__Your objective__
When the line containing "Christian Yelich Giancarlo" appears in the data below, begin copying there and stop only after the line containing "Creed Rise to Glory.".

__Recorded data__
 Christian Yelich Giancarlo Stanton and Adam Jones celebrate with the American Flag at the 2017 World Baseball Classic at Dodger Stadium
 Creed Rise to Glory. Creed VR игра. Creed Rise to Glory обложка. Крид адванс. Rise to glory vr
---
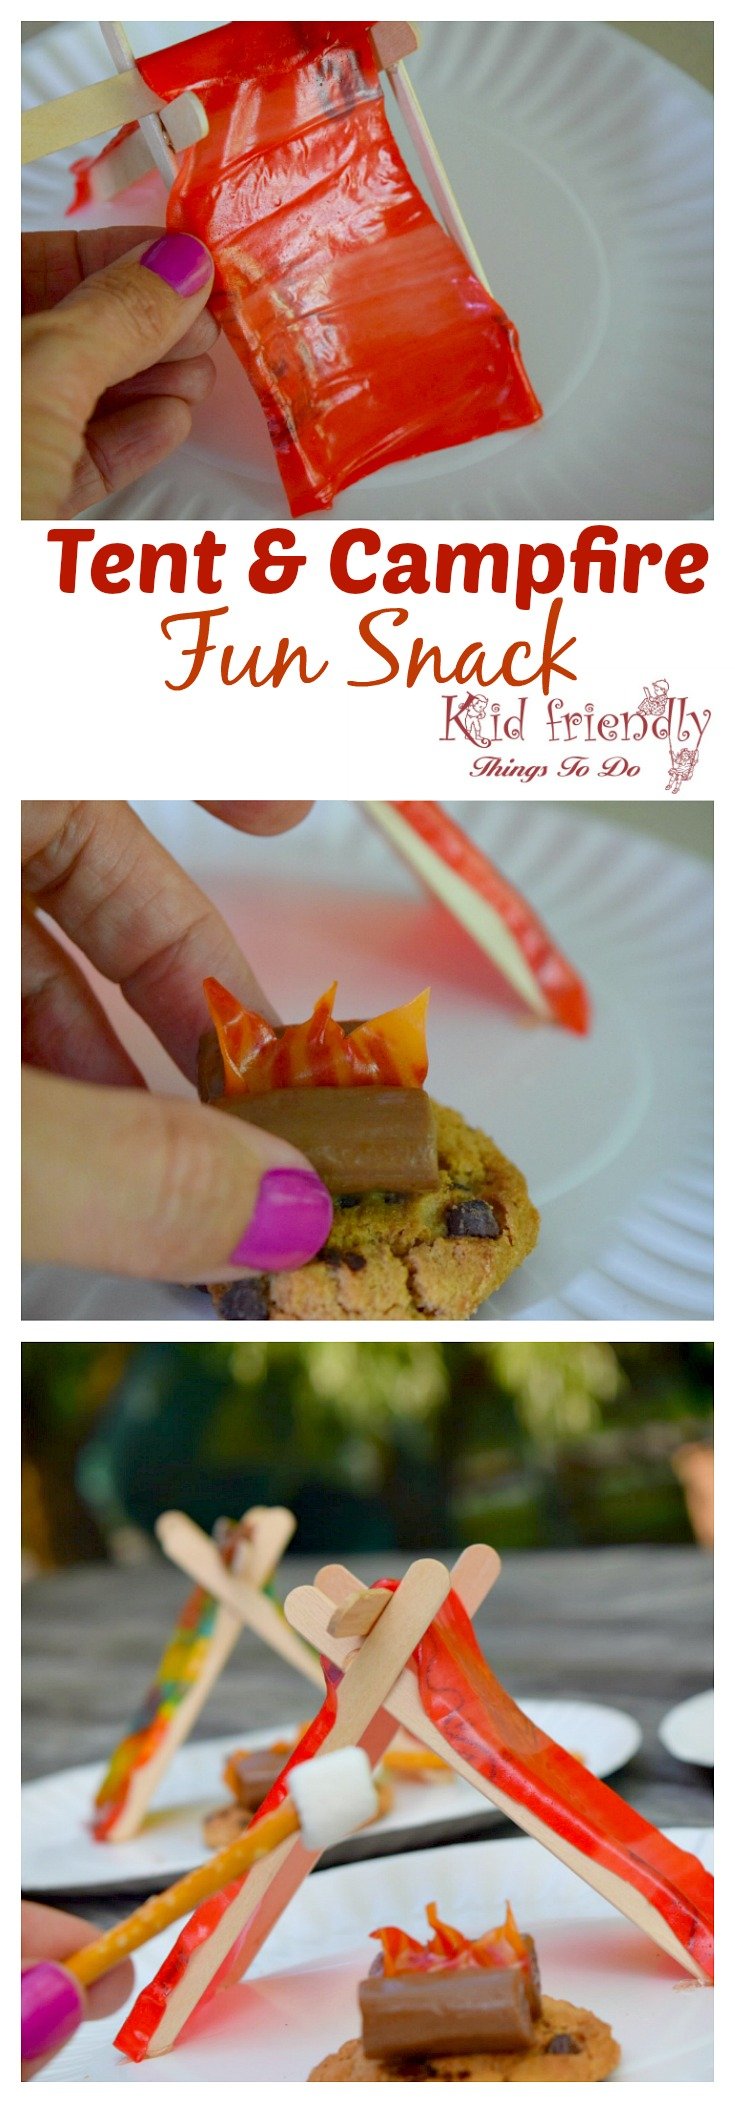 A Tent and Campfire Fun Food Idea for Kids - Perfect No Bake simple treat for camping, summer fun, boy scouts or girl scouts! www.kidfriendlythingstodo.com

__Written response__
 Christian Yelich Giancarlo Stanton and Adam Jones celebrate with the American Flag at the 2017 World Baseball Classic at Dodger Stadium
 Creed Rise to Glory. Creed VR игра. Creed Rise to Glory обложка. Крид адванс. Rise to glory vr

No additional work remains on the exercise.